§ **MATERIAL PROVIDED**
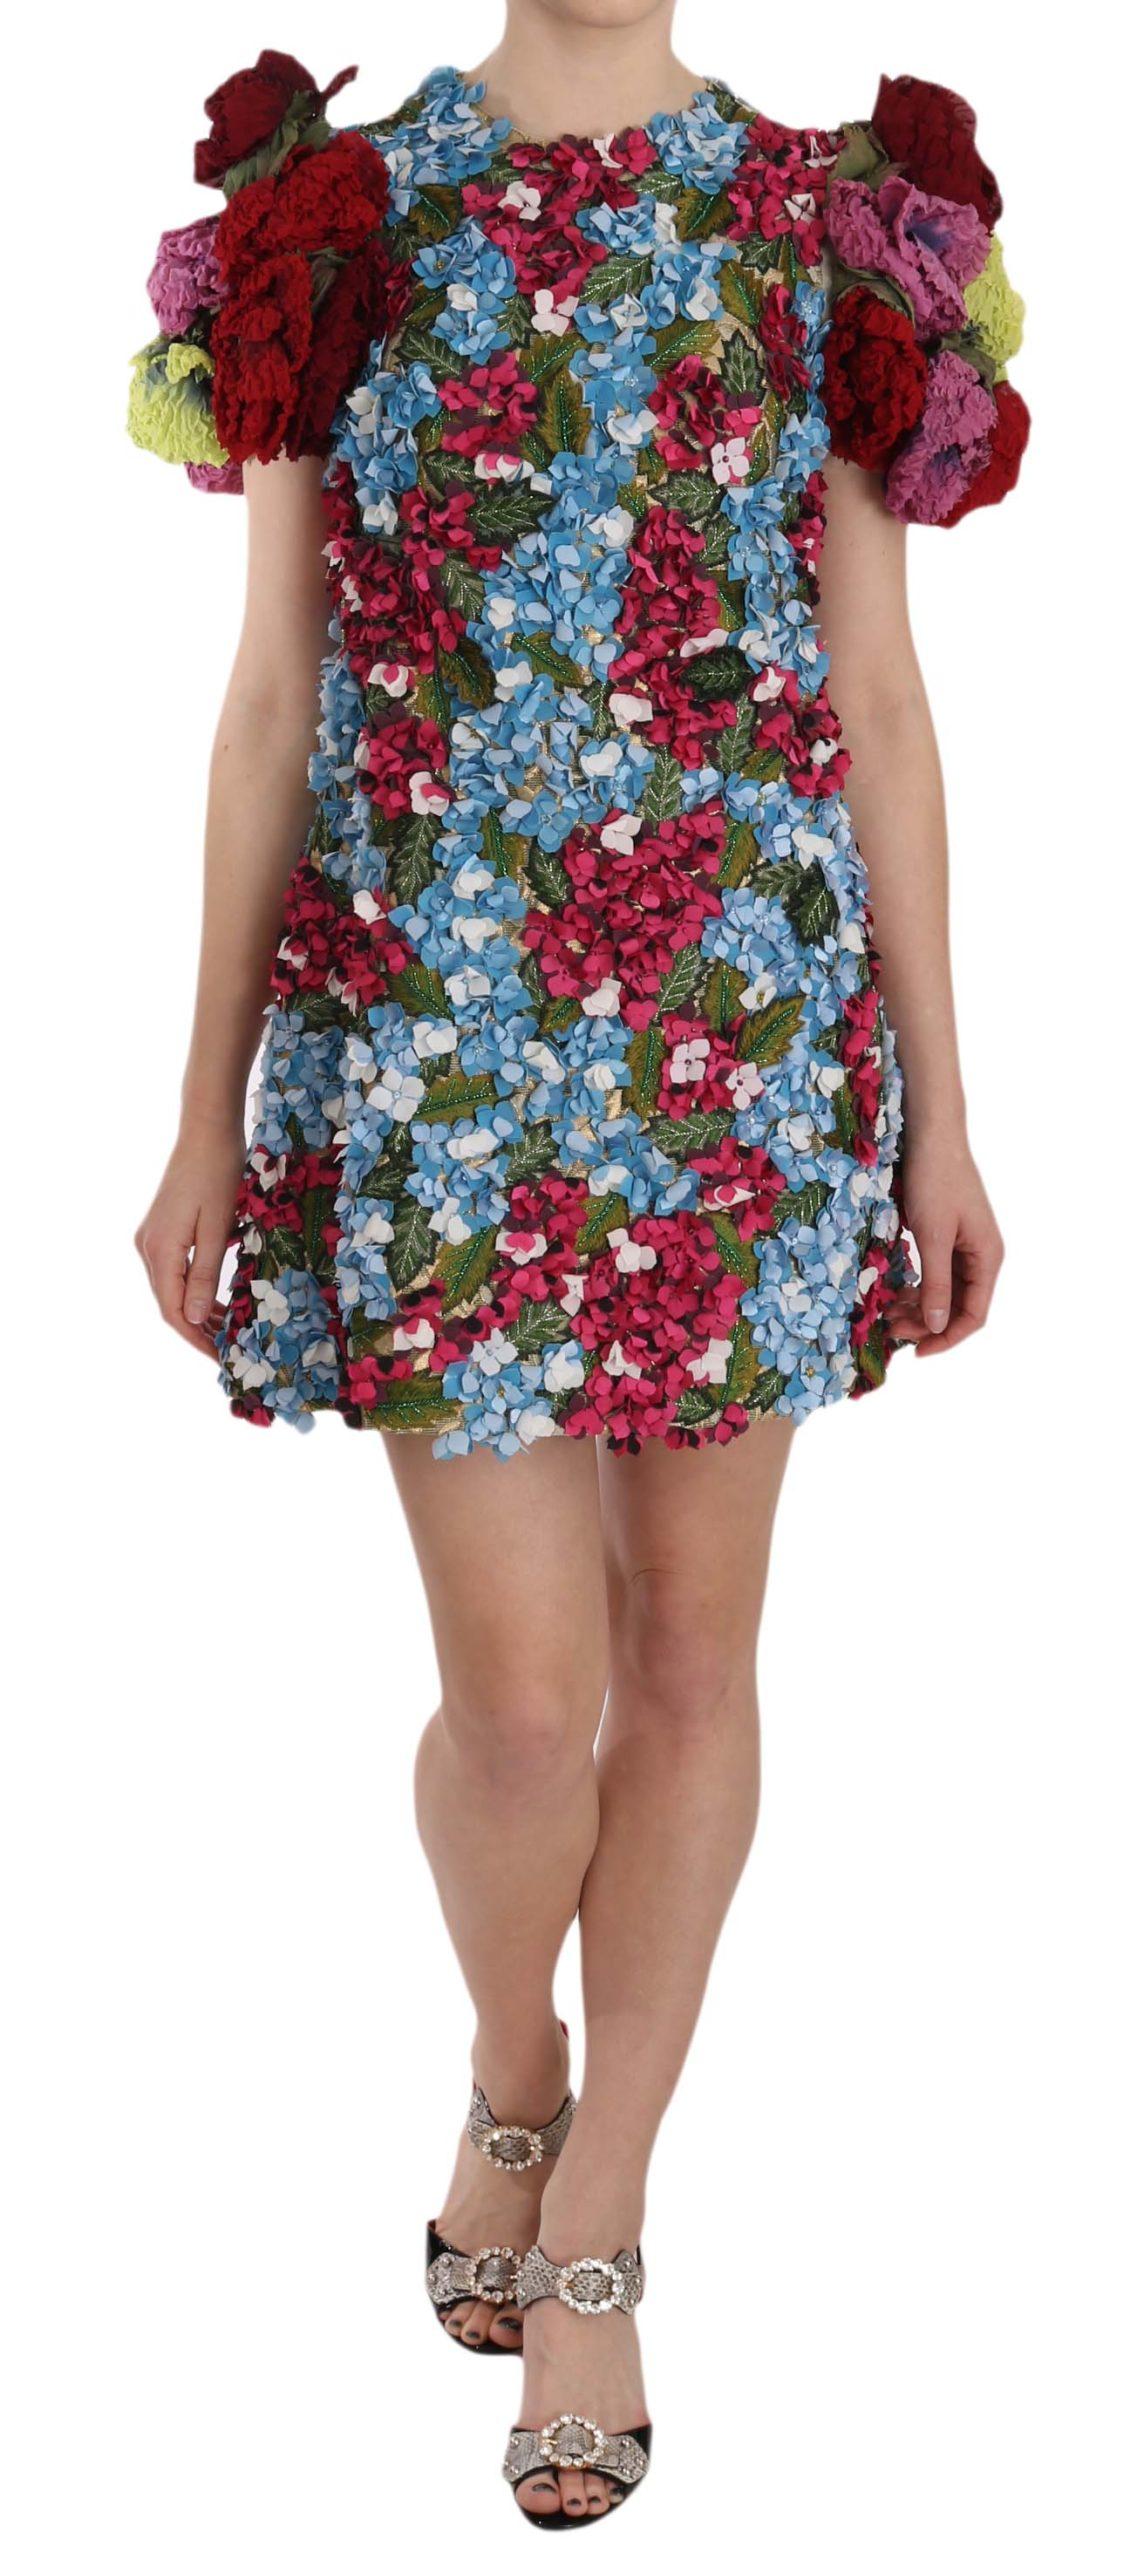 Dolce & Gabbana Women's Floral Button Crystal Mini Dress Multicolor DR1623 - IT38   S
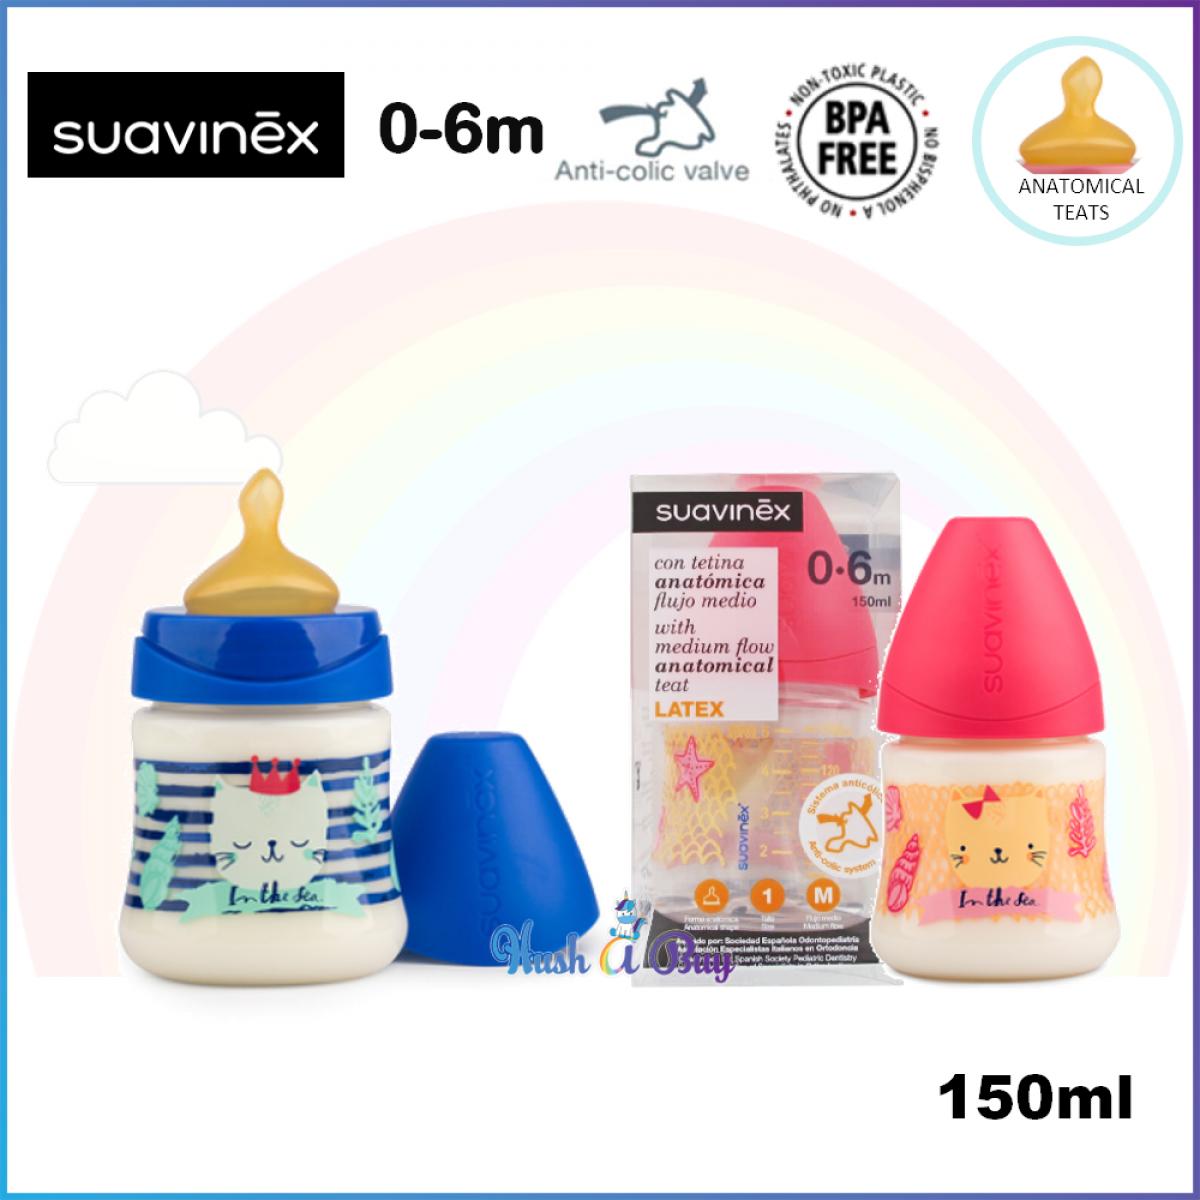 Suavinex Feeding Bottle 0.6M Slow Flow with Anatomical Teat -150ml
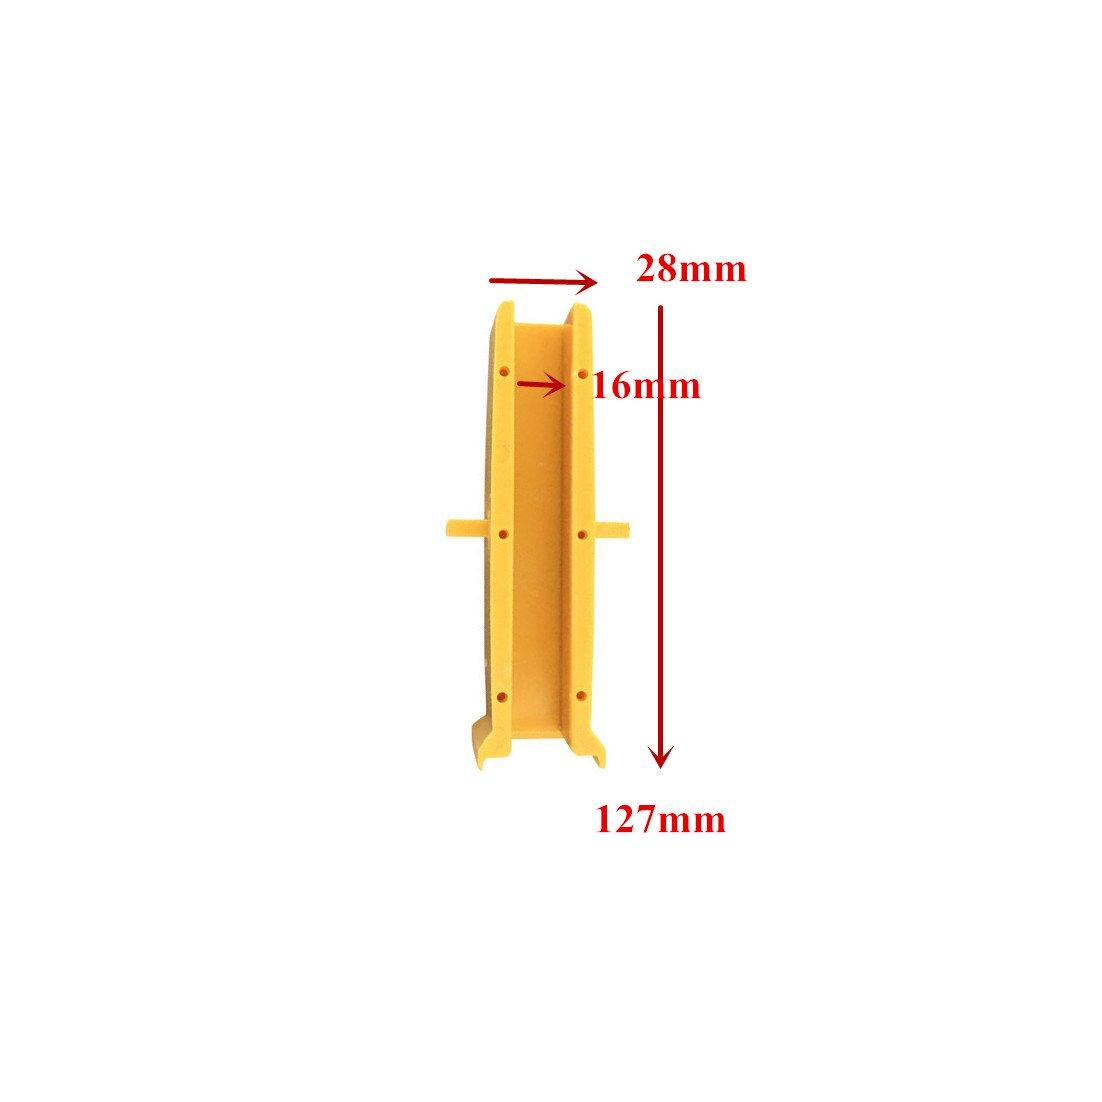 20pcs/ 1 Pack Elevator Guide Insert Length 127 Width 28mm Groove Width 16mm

§ **EXERCISE DETAILS**
Leaving out all pictures, transcribe the listing exactly.

§ **ANSWER SECTION**
 Dolce & Gabbana Women's Floral Button Crystal Mini Dress Multicolor DR1623 - IT38   S
 Suavinex Feeding Bottle 0.6M Slow Flow with Anatomical Teat -150ml
 20pcs/ 1 Pack Elevator Guide Insert Length 127 Width 28mm Groove Width 16mm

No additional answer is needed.